Inheritance tax exemptions
If you are the widow or widower of the deceased, you are exempt from inheritance tax in all six states. Children are either exempt or pay a low rate of inheritance tax.
Other relatives may pay at a reduced rate and only on an amount that exceeds a certain threshold.
Distant or unrelated persons who inherit property or money pay the highest rates of inheritance tax.
Charitable organizations may be exempt from inheritance tax. Check your state’s laws.
Who files an inheritance tax return?
The executor of the estate files one inheritance tax return, which lists all the names and tax identification numbers of people and organizations that received an inheritance from the estate.
Property exemptions from state inheritance tax
Special consideration is given to certain property being passed to heirs.
For example, in Pennsylvania, a family farm that meets certain requirements is exempt from state inheritance tax.

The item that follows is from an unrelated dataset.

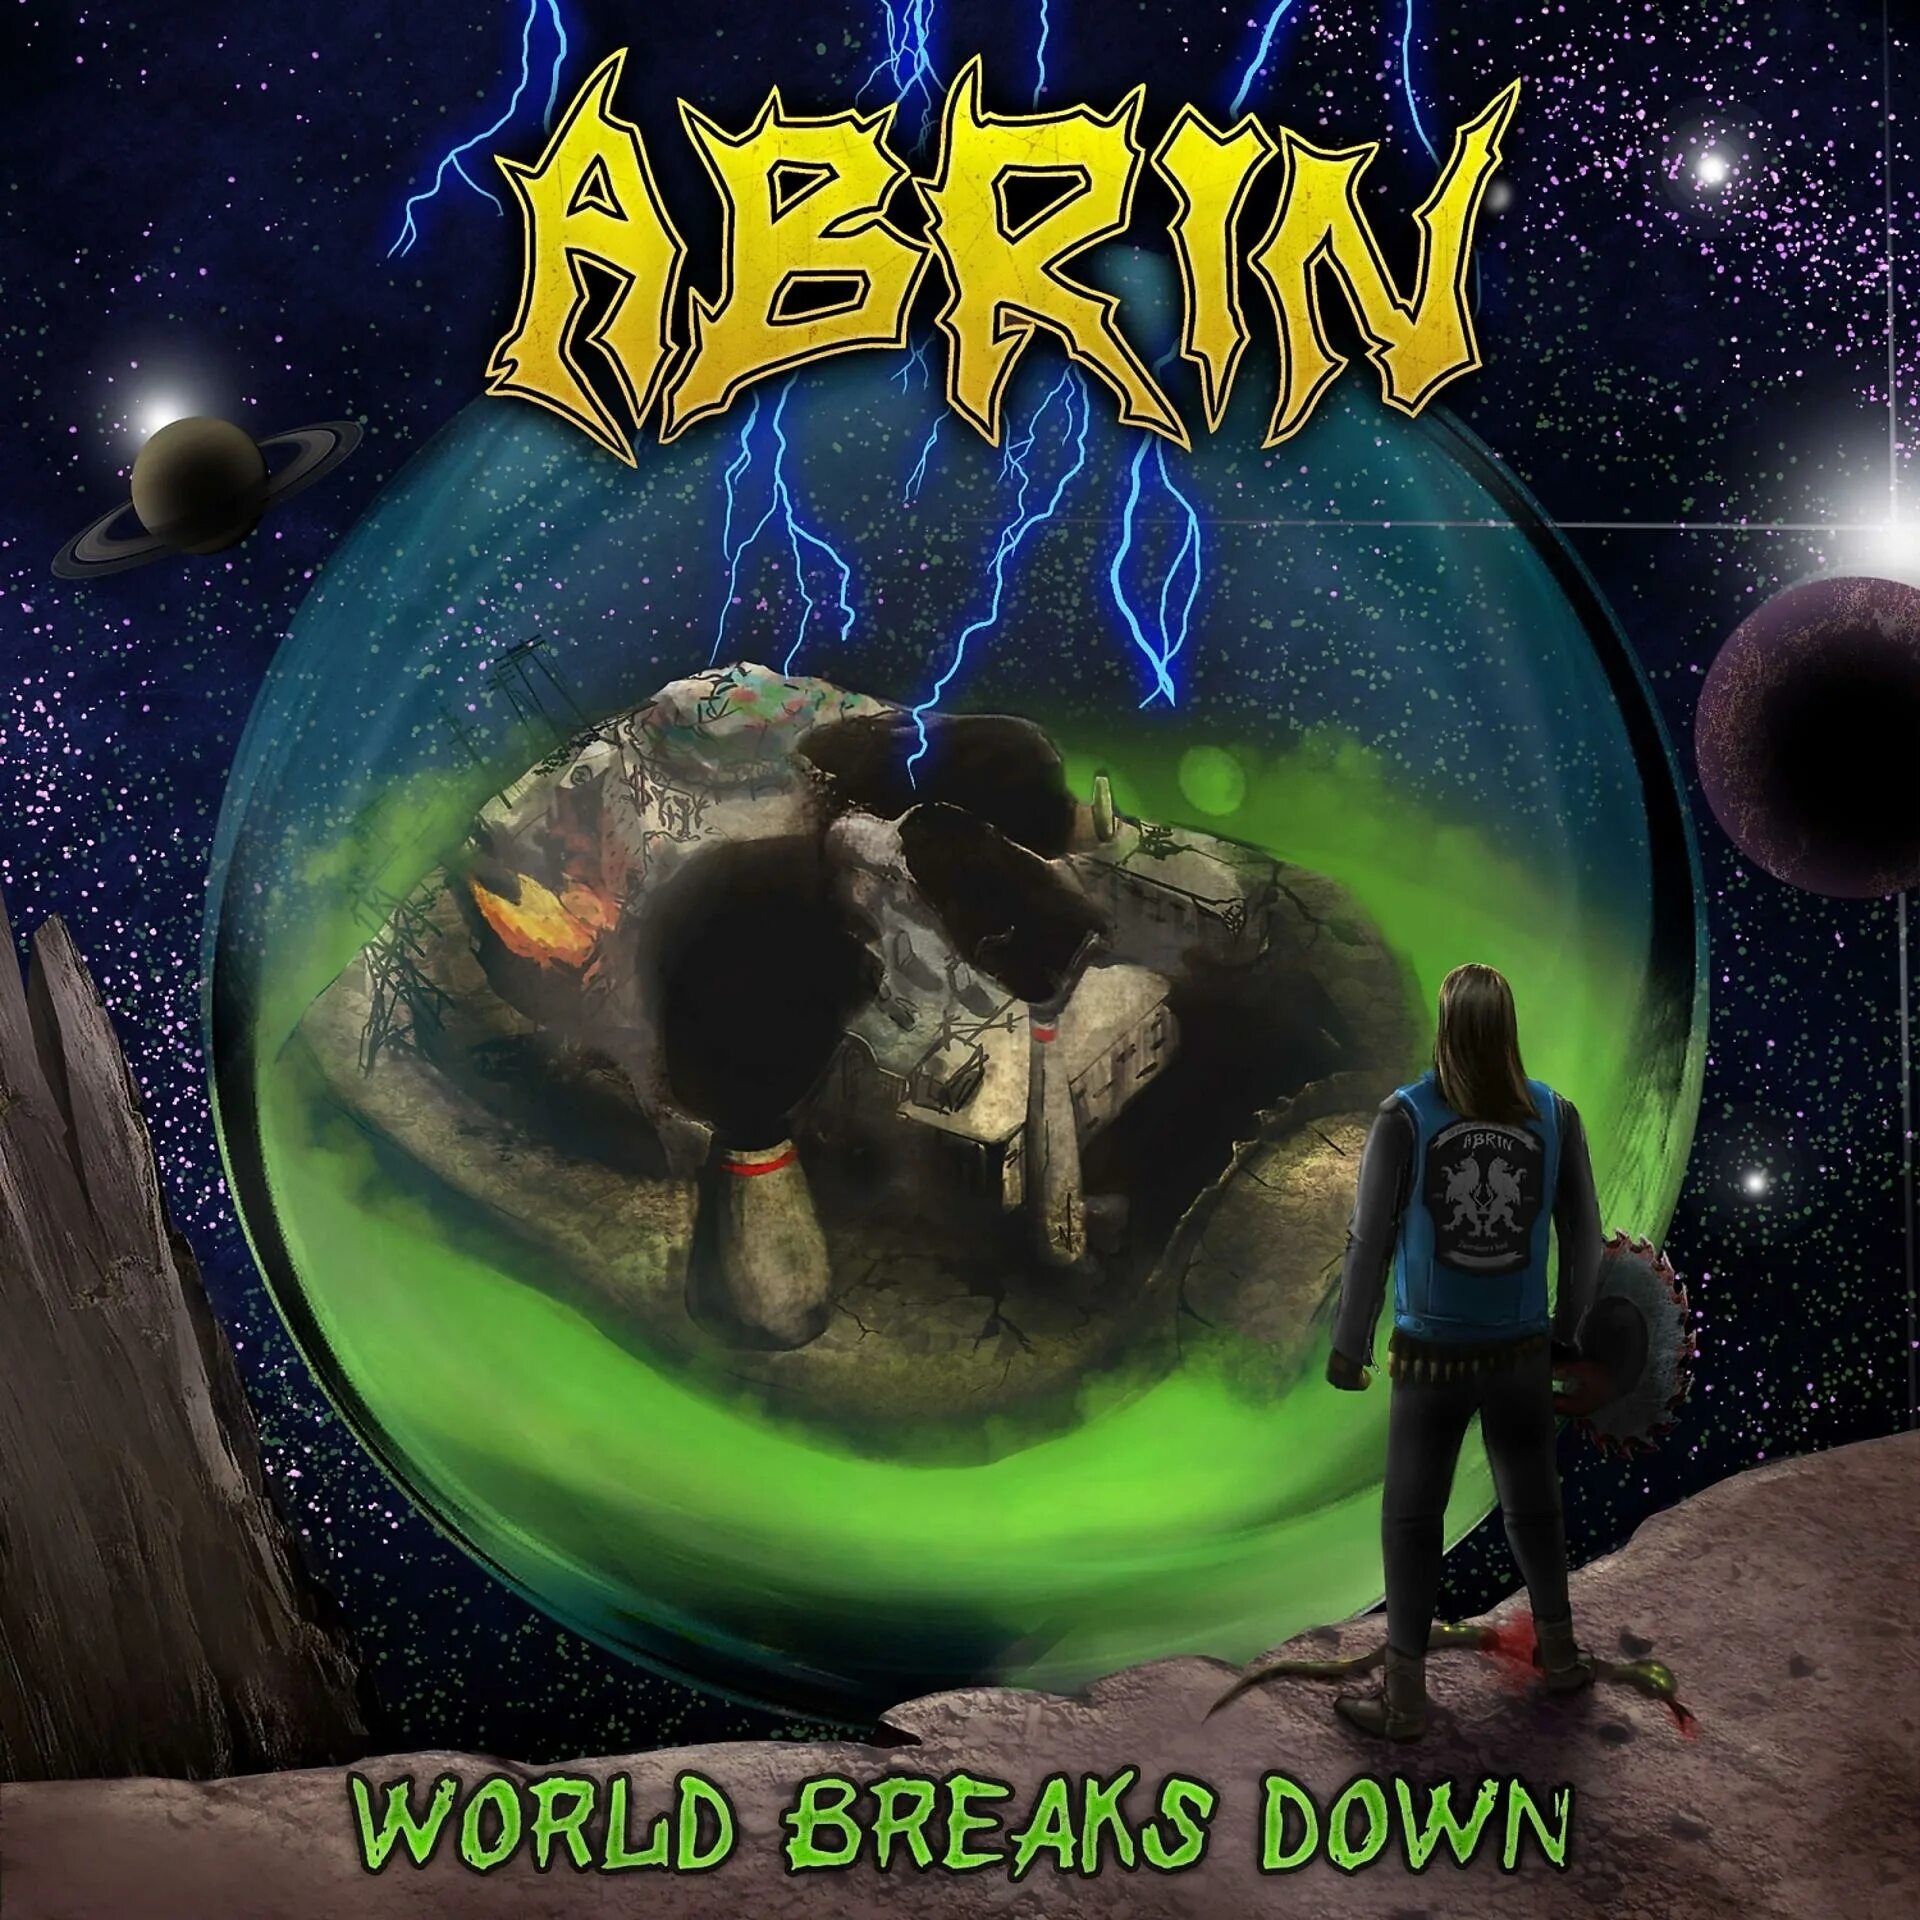 World is broken. Abrin группа. Abrin группа 2021. Abrin "мир зла". Абрин Челябинск.

Inheritance taxes are in addition to any federal or state estate tax due
When you get an inheritance, any estate tax should already be paid. Your inheritance taxes are a separate issue.
Fifteen states and the District of Columbia have an estate tax, and Maryland and New Jersey have both estate and inheritance taxes.
State estate tax, like federal estate tax, is based on the value of the whole estate and is paid before any inheritance goes to the beneficiaries.
An estate may have to pay state estate tax, even if it doesn’t owe any federal estate tax, because the exemption amount for the state may be lower than the federal exemption amount.
Estate and inheritance taxes are falling out of favor in some states
The trend in states with inheritance tax is to increase the amount of the exemption (the amount on which you don’t have to pay tax), to lower the tax rate, or to do away with inheritance tax altogether.
The driving forces behind this change are the recognition of how much it costs to comply with inheritance tax returns, and the negative impact of inheritance tax on small business and economic growth.
Indiana repealed its inheritance tax, retroactive to January 1, 2013, and Tennessee is phasing out its estate tax by the end of 2016.
If this trend continues, by the time your heirs need to worry about state estate tax or inheritance tax, it may no longer be an issue.
Do you know if your heirs may have to pay estate or inheritance tax if you leave them property?